The system then both i) writes ELN entries on the fly, and ii) writes the SDF.

This is neat on multiple levels. We should build a prototype "form" and test it for the creation of a typical ELN entry, i.e. whether we can auto-generate a good ELN entry without writing it ourselves. This could be a very powerful approach.

Note on downloading and using SDFs from Cheminfo Master Database.

Odd Jobs

For random jobs where we require hosting/a bit of compute the tendency is to use Nectar, a cloud based provider for academic and research institutions in Australia. It provides two free instances to researchers with reasonable enough specs that they can be used for most jobs. Debian or Ubuntu is typically the flavour of choice, but Nectar provides a wide range of images and snapshots including versions of Scientific Linux. For jobs which may require significantly more processing we may rely instead upon EC2 instances.


There are several different means used for communication, with email being the least favoured (due to a lack of openness).

OSM has a Twitter account, a Google+ account and a Facebook page. In addition Youtube account is used to post the recorded videos of meetings.

The primary means of communicating issues requiring action/input (admininstration, science or technical) is on Github.

For news, the project has used old-school PDF-based newsletters to reach people unfamiliar with the platforms above, though an email-based newsletter has been discussed.

Publicity is important for the project to attract new inputs. Google ranking was assessed and could be improved (GHI 231) and a meeting was held to address a number of website-related issues. Related: GHI 64


Github is used for project management - a place to keep the To Do list. Tasks are called "Issues" and may be assigned a person responsible, a deadline and some tags to allow active items to be grouped. When a task is complete, it can be closed.
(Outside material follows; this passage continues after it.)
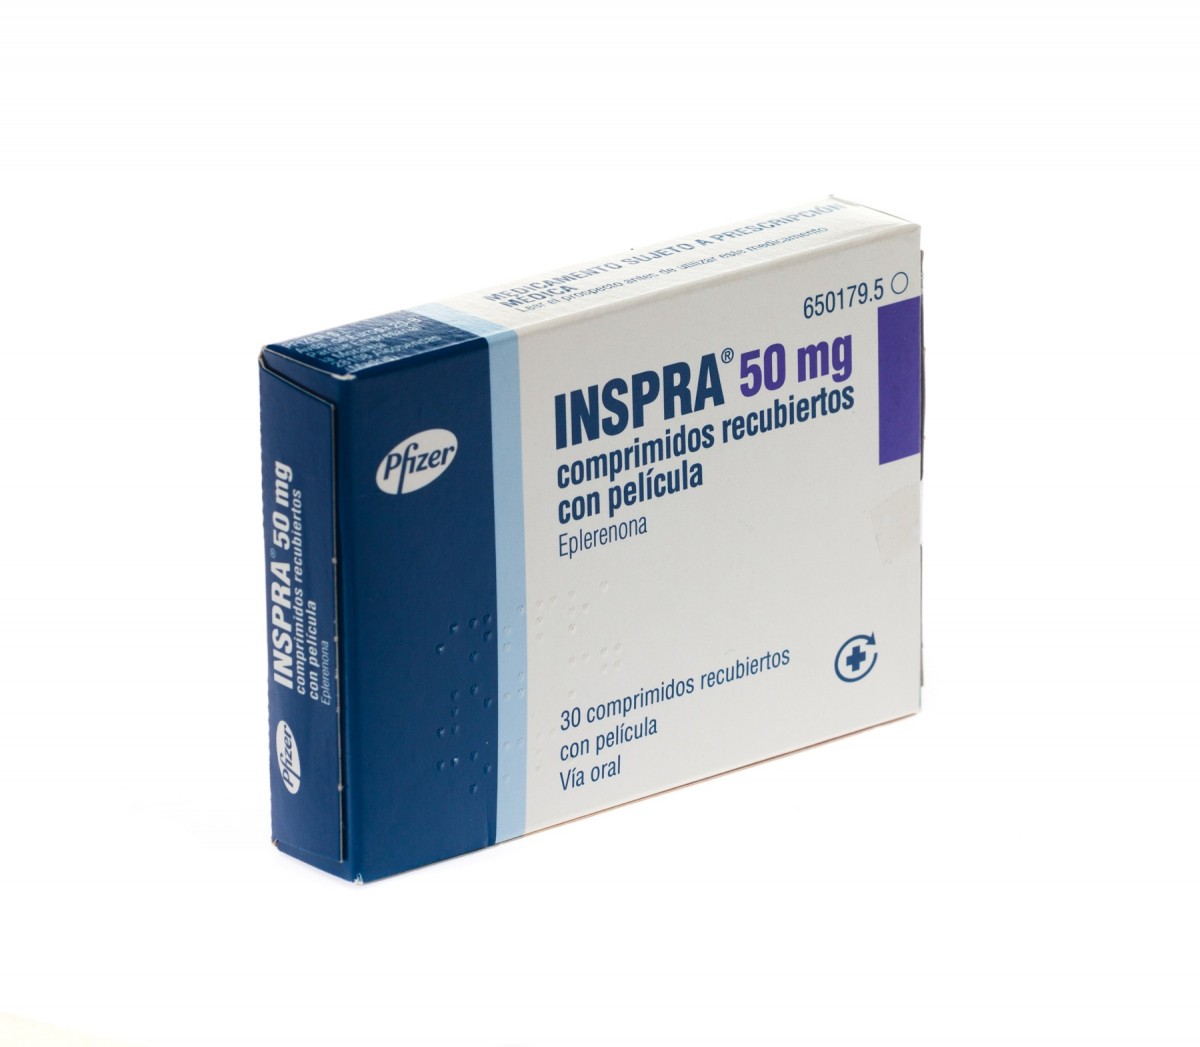 INSPRA 50 mg COMPRIMIDOS RECUBIERTOS CON PELICULA, 200 comprimidos fotografía del envase.

Almost all code and data for the OpenSourceMalaria organisation account (and landing page website) is resident on one of the Github repositories. The main .sd file of all compounds, for example, is kept there. All other experimental data will be on the electronic lab notebook, or summarised on the wiki.

If you still are unable to find something, post an issue on the Github Issues (to do) list and tag it with "Administration" and "question".

Online Meetings

Online meetings use Adobe Connect provided and hosted by the University of Sydney. As with everything else, these meetings are open to everyone and each meeting is recorded and subsequently uploaded to the OSM youtube account.